*** Block opens ***
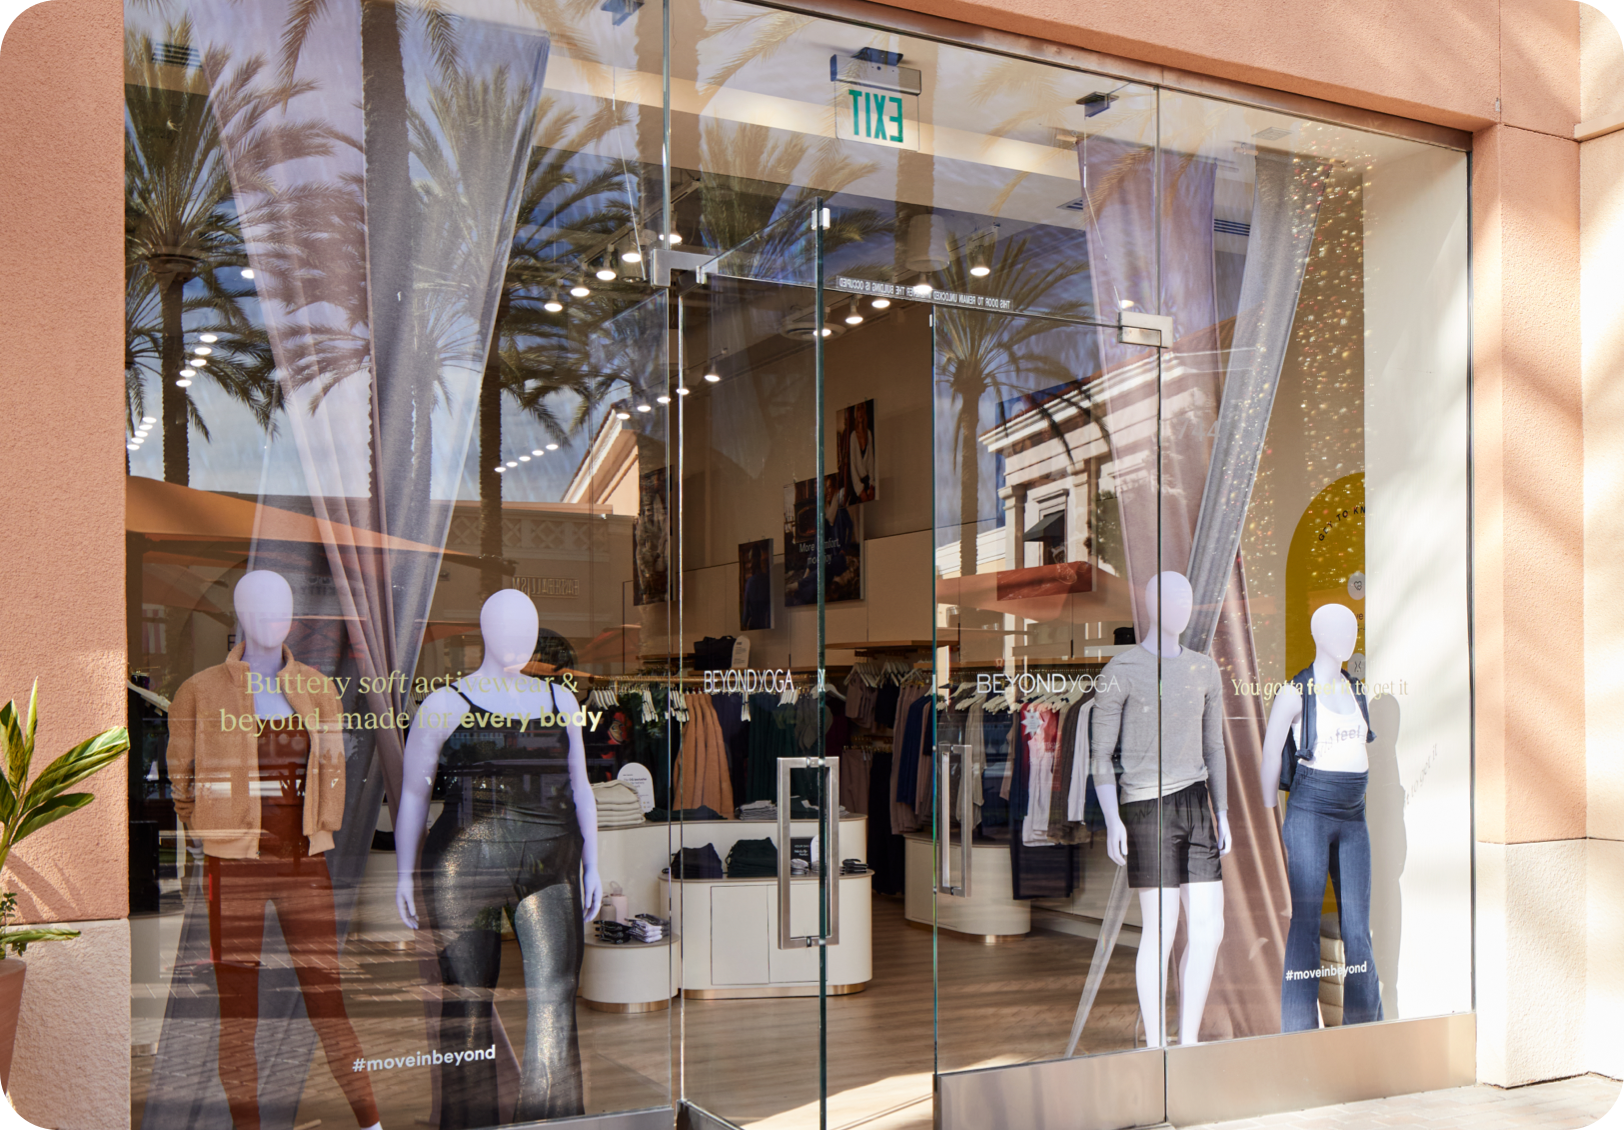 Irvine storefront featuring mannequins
*** Block closes ***
*** Block opens ***
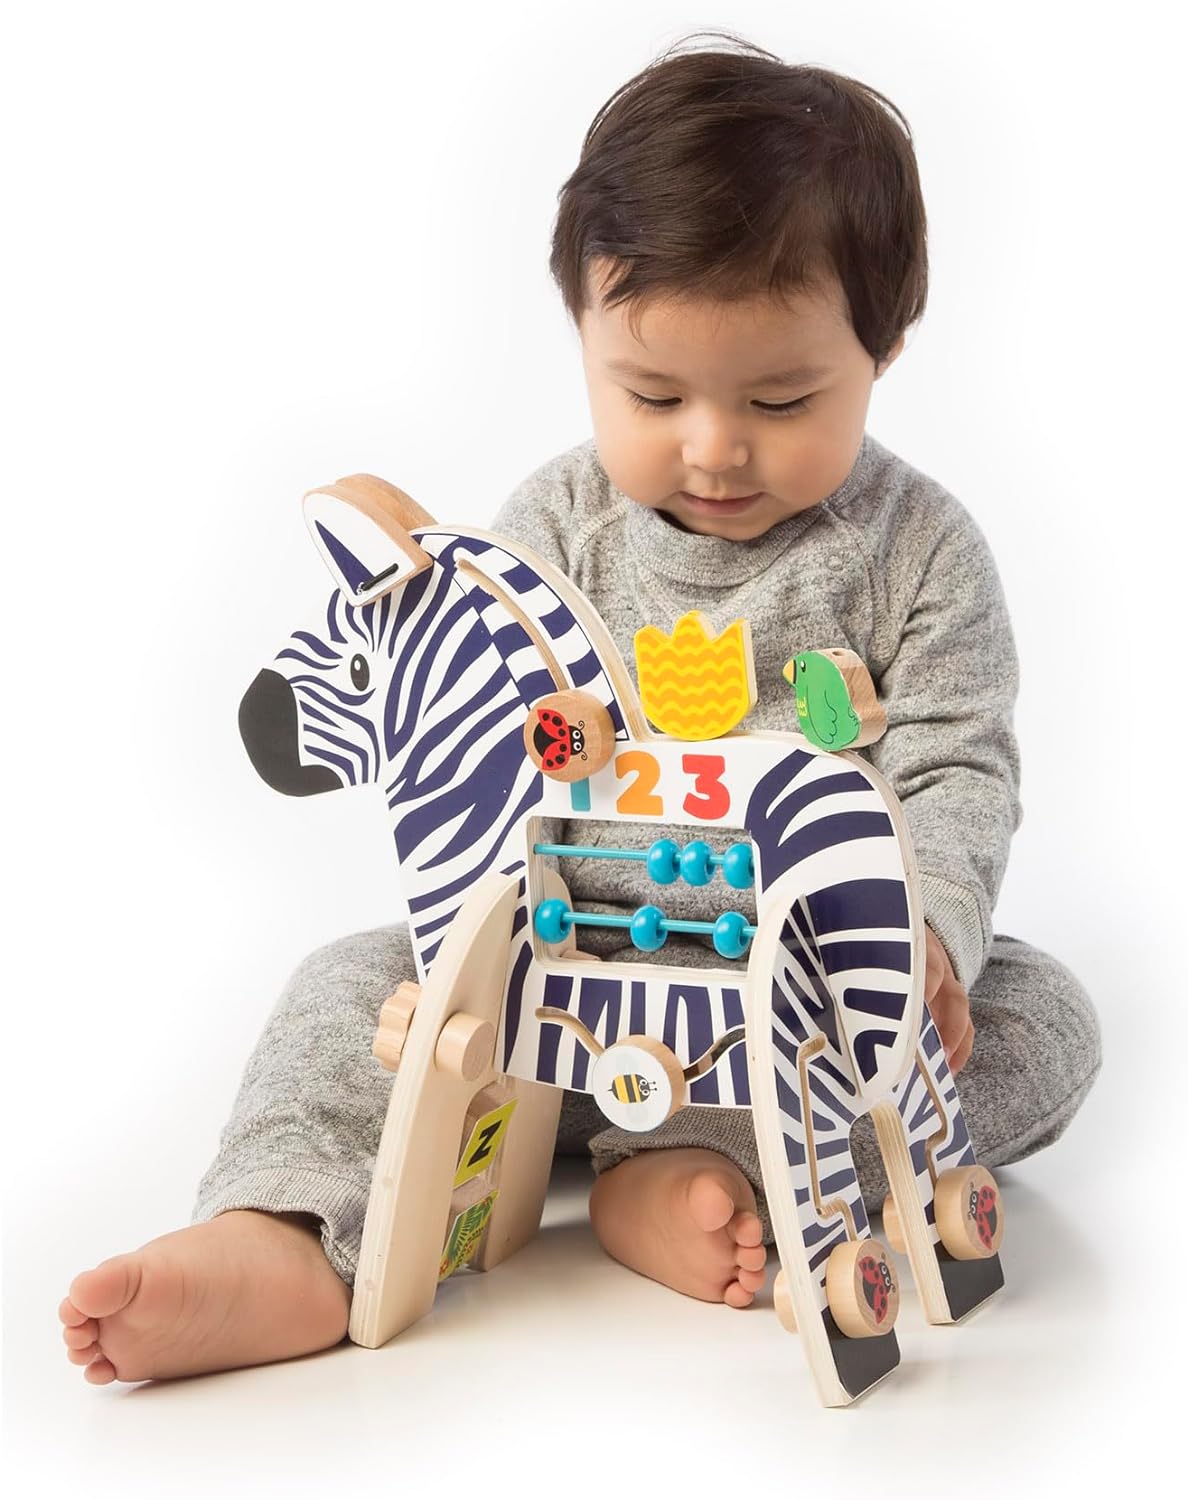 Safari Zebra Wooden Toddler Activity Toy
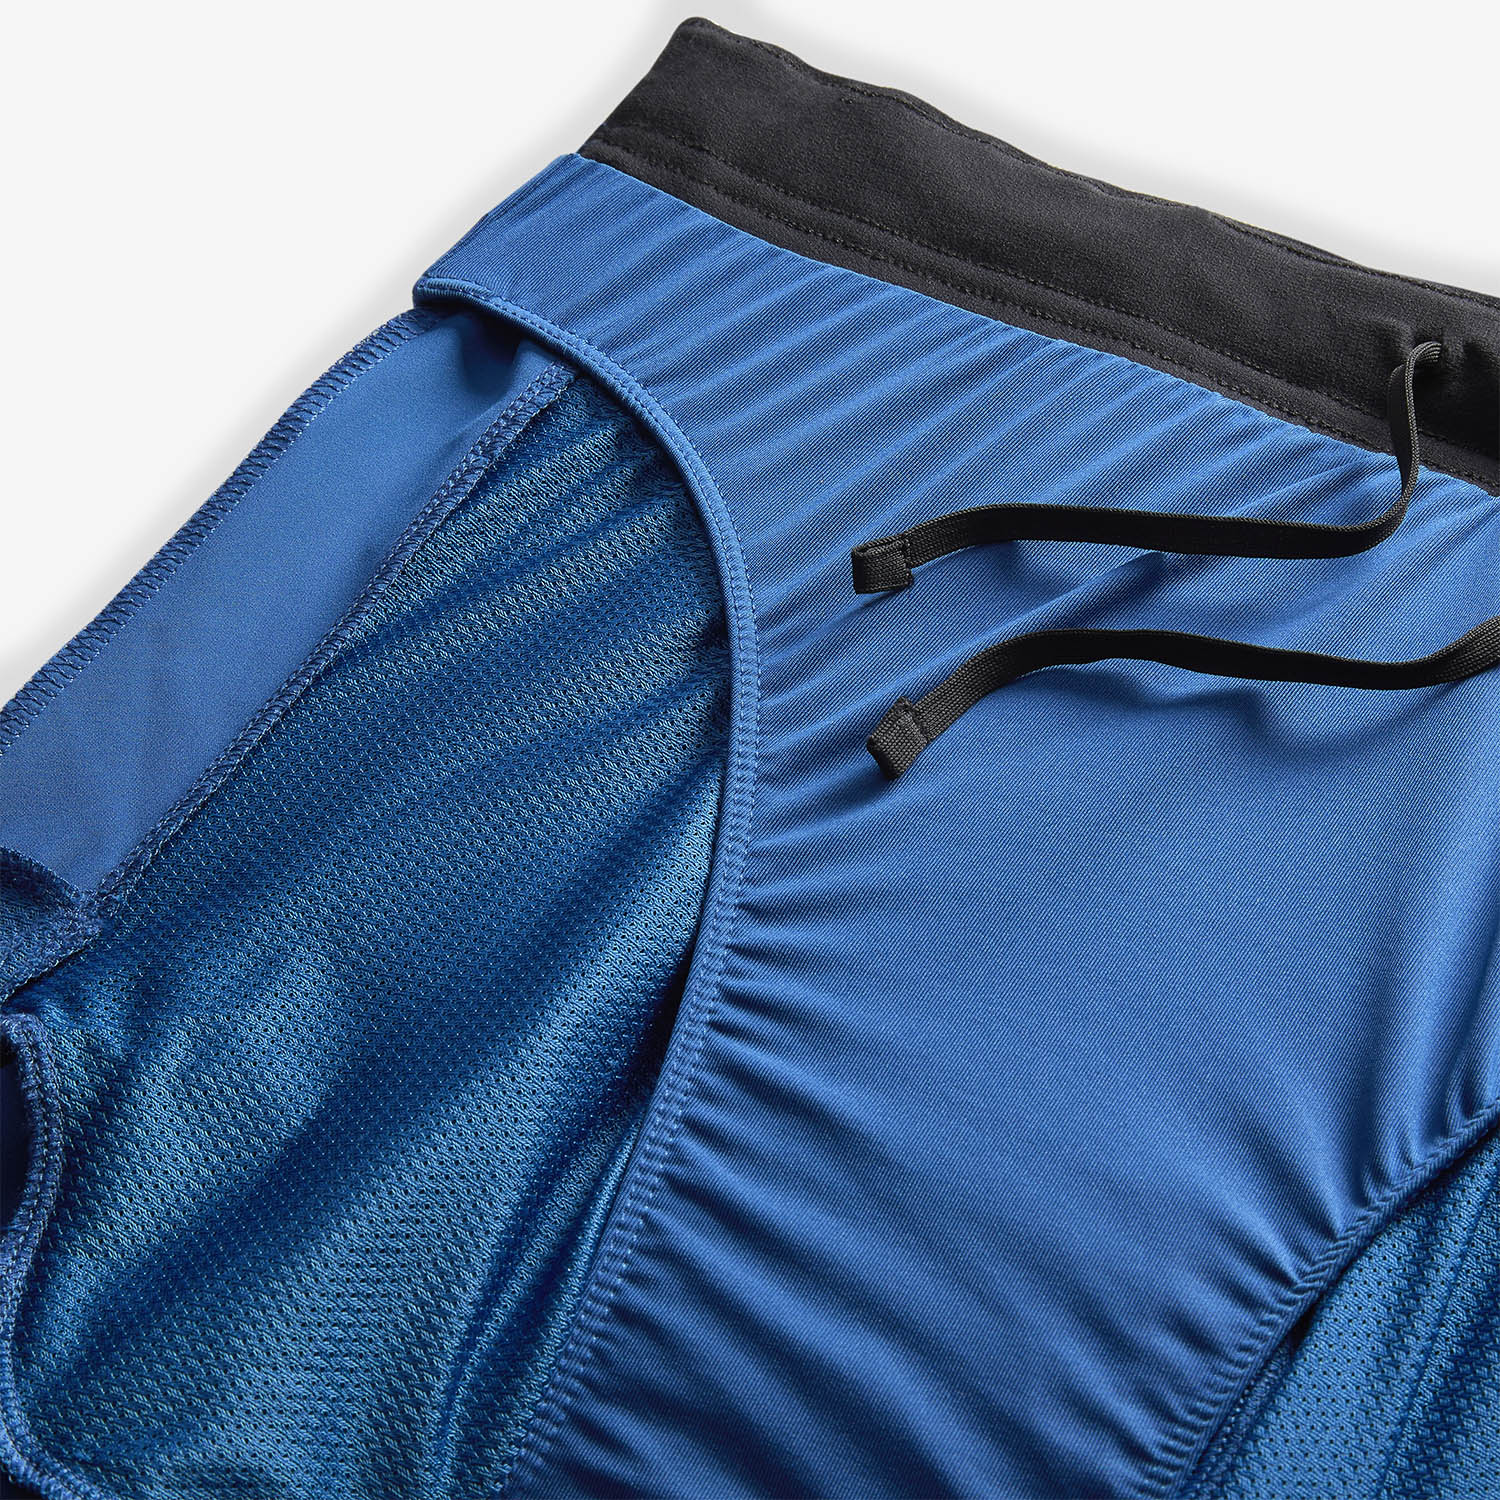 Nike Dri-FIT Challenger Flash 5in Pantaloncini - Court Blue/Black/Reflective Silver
*** Block closes ***
**ASSIGNED TASK**. The stretch to restate runs from the line above containing "Safari Zebra Wooden Toddler Activity Toy" through the line containing "Nike Dri-FIT Challenger". Copy it word for word, ends included, without pictures.

**ANSWER TO THIS PROBLEM**.
 Safari Zebra Wooden Toddler Activity Toy
 Nike Dri-FIT Challenger Flash 5in Pantaloncini - Court Blue/Black/Reflective Silver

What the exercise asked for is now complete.